Qwen 35B trying to recreate scenes from photos in 3D!
A 35-billion parameter model creates explorable 3D environments from simple images using only llama.cpp.
A developer on the r/LocalLLaMA subreddit has demonstrated an unexpected capability of Alibaba's Qwen 35B A3B model: generating basic 3D scenes from 2D photographs. The experiment involved feeding images to the 35-billion parameter model and prompting it to recreate them as interactive HTML scenes that could be virtually "walked" through. Using the open-source llama.cpp framework and a Q4 quantized version of the model, the results, while described as "far from perfect" and "pretty bad" for professional use, showcase an impressive emergent ability for a model not specifically trained for 3D reconstruction.

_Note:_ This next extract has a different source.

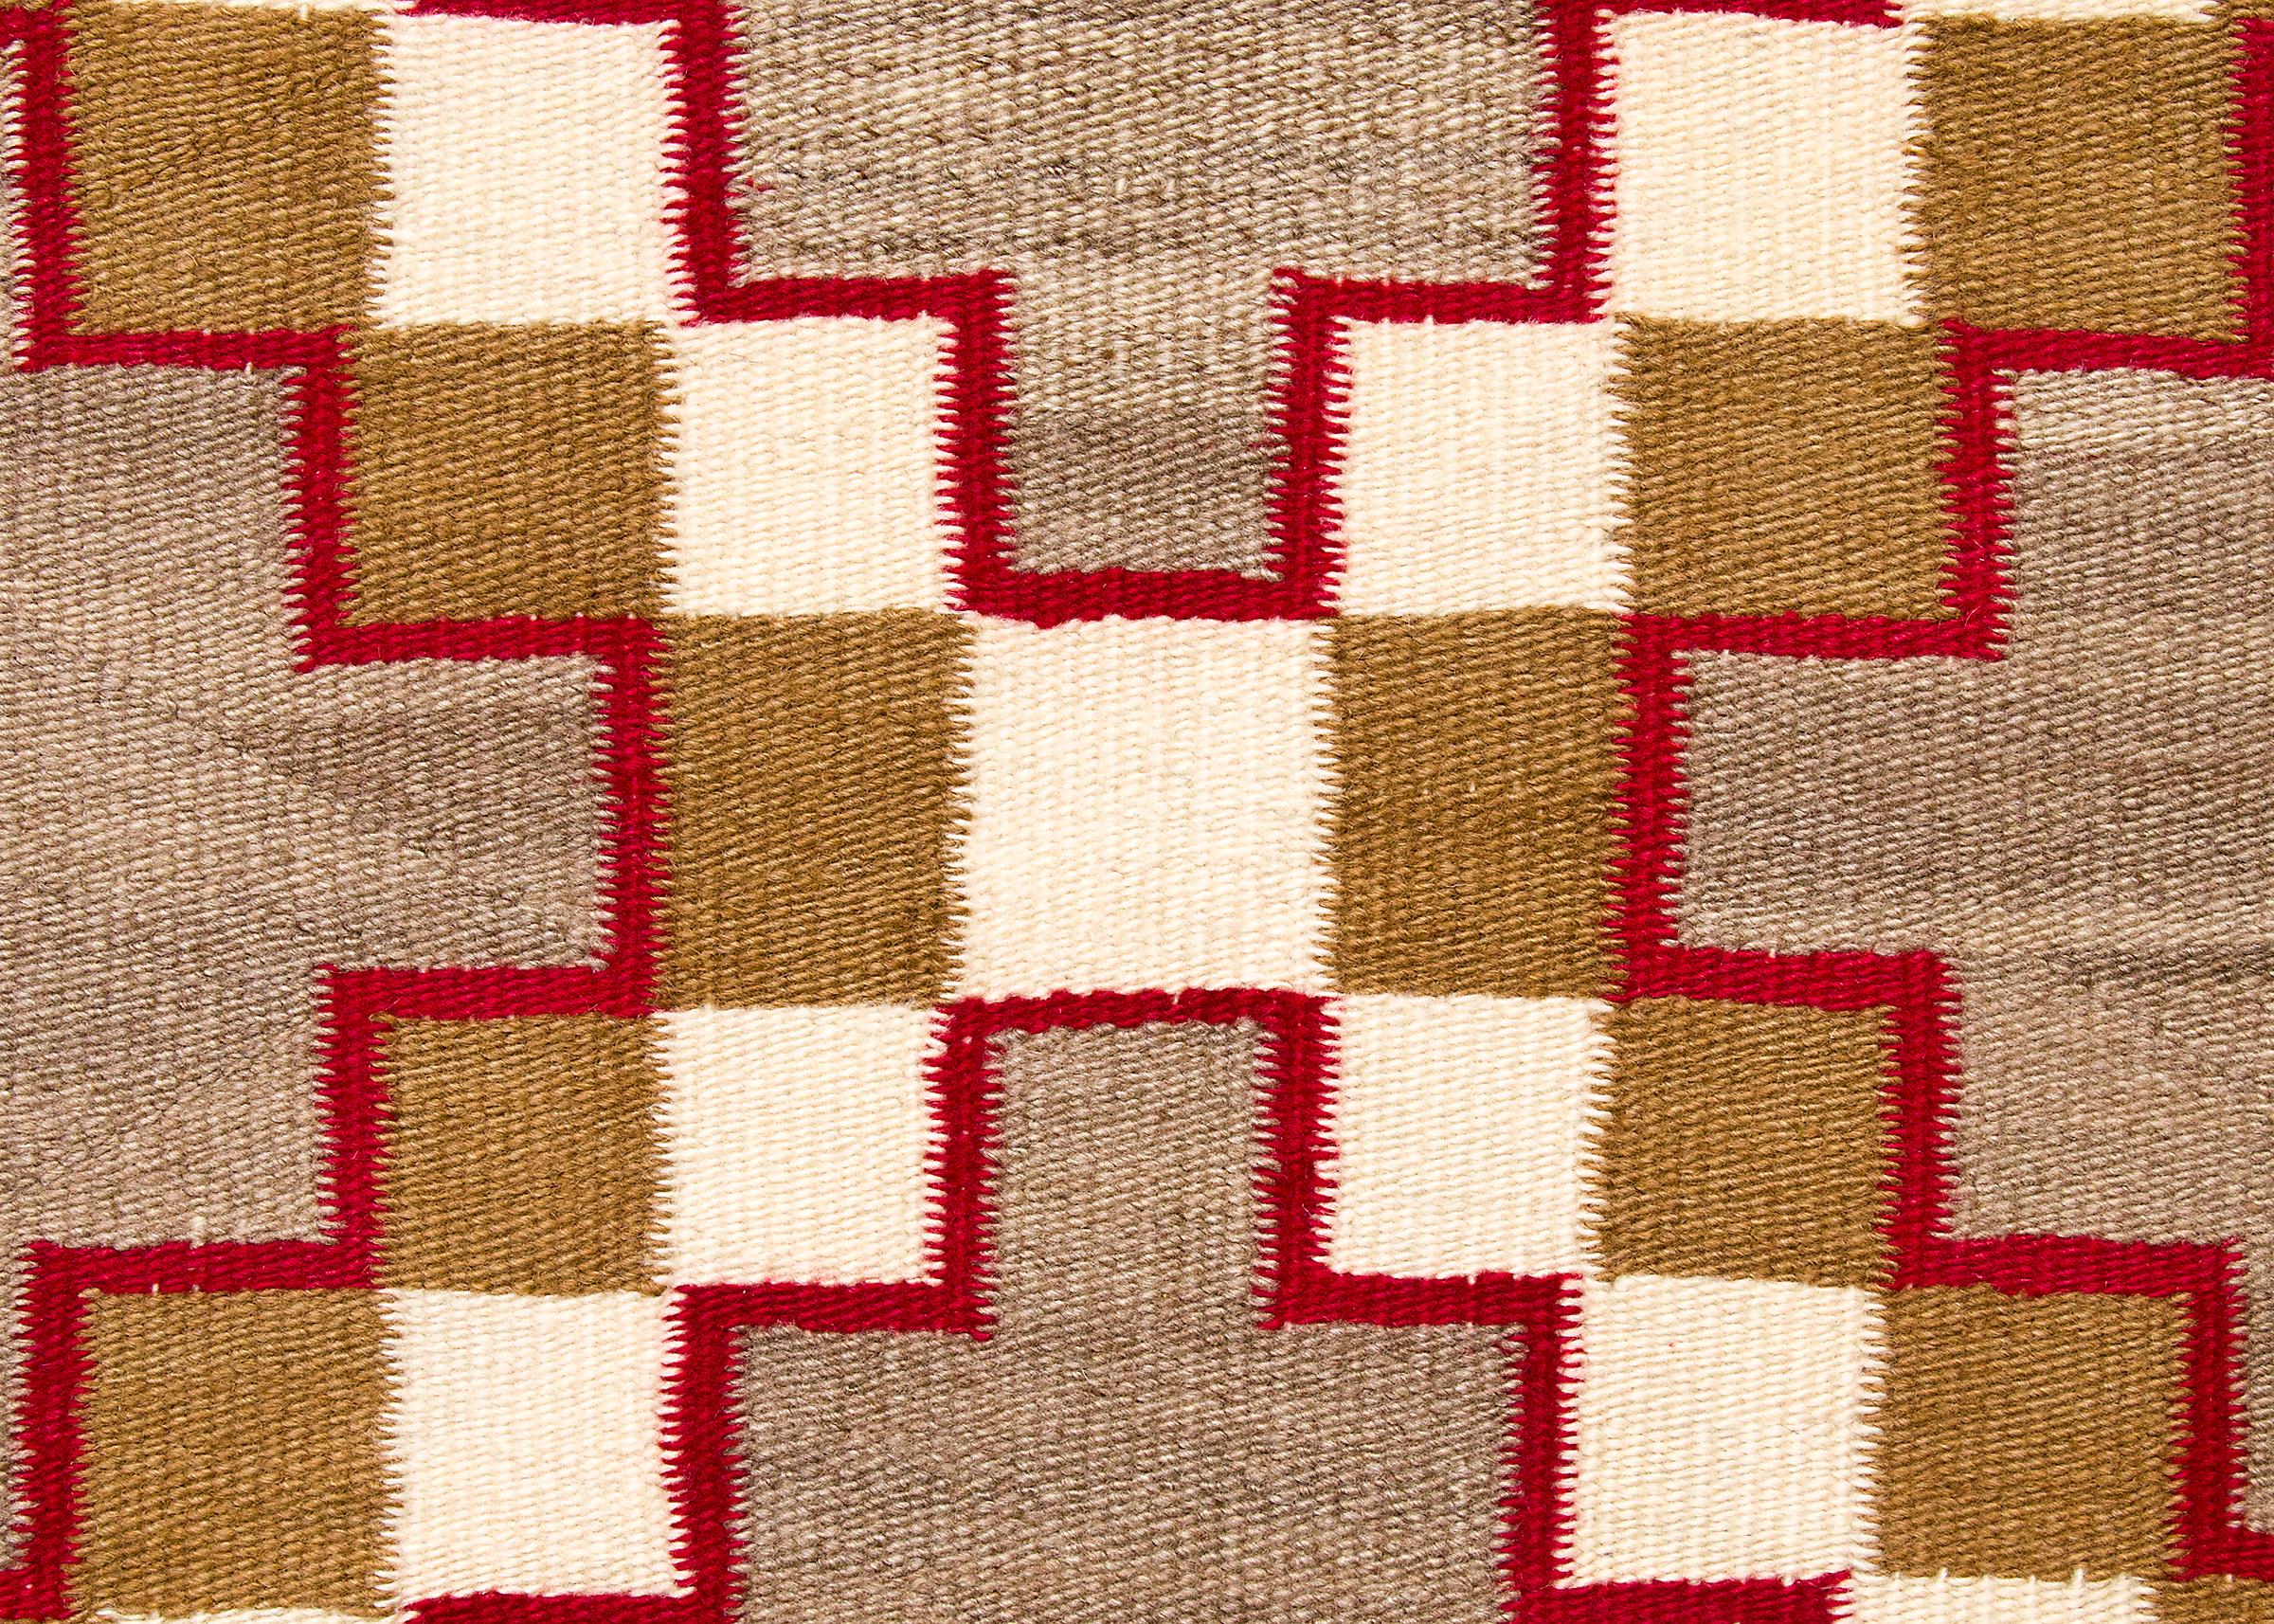 Native American Vintage Navajo Area Rug, Trading Post Era, circa 1930s, Brown, White, Red, Black

The creator emphasized the project was purely for fun, but it hints at the latent spatial reasoning and creative synthesis possible with current mid-sized open-weight models running on consumer hardware.
The technical setup is notably accessible, relying on local inference with llama.cpp and a heavily quantized (Q4) version of Qwen 35B, making the experiment reproducible without massive computational resources. The output consists of HTML code defining a 3D environment, suggesting the model can interpret visual content and translate it into a structured, spatial representation with basic geometry. This experiment matters because it pushes the boundaries of what is expected from general-purpose language models, moving beyond text into the domain of spatial and visual program synthesis. It points to a future where multimodal AI agents could rapidly prototype simple 3D worlds from conceptual sketches or reference images, lowering the barrier for content creation in gaming, simulation, and design.
- Alibaba's Qwen 35B A3B model generated explorable 3D HTML code from 2D image inputs.
- The experiment used a Q4 quantized model running locally via the open-source llama.cpp framework.
- Results are imperfect but show emergent 3D spatial reasoning in a model not specifically trained for the task.
Why It Matters
Shows how accessible, open models can perform creative visual-to-code synthesis, hinting at future tools for rapid 3D prototyping.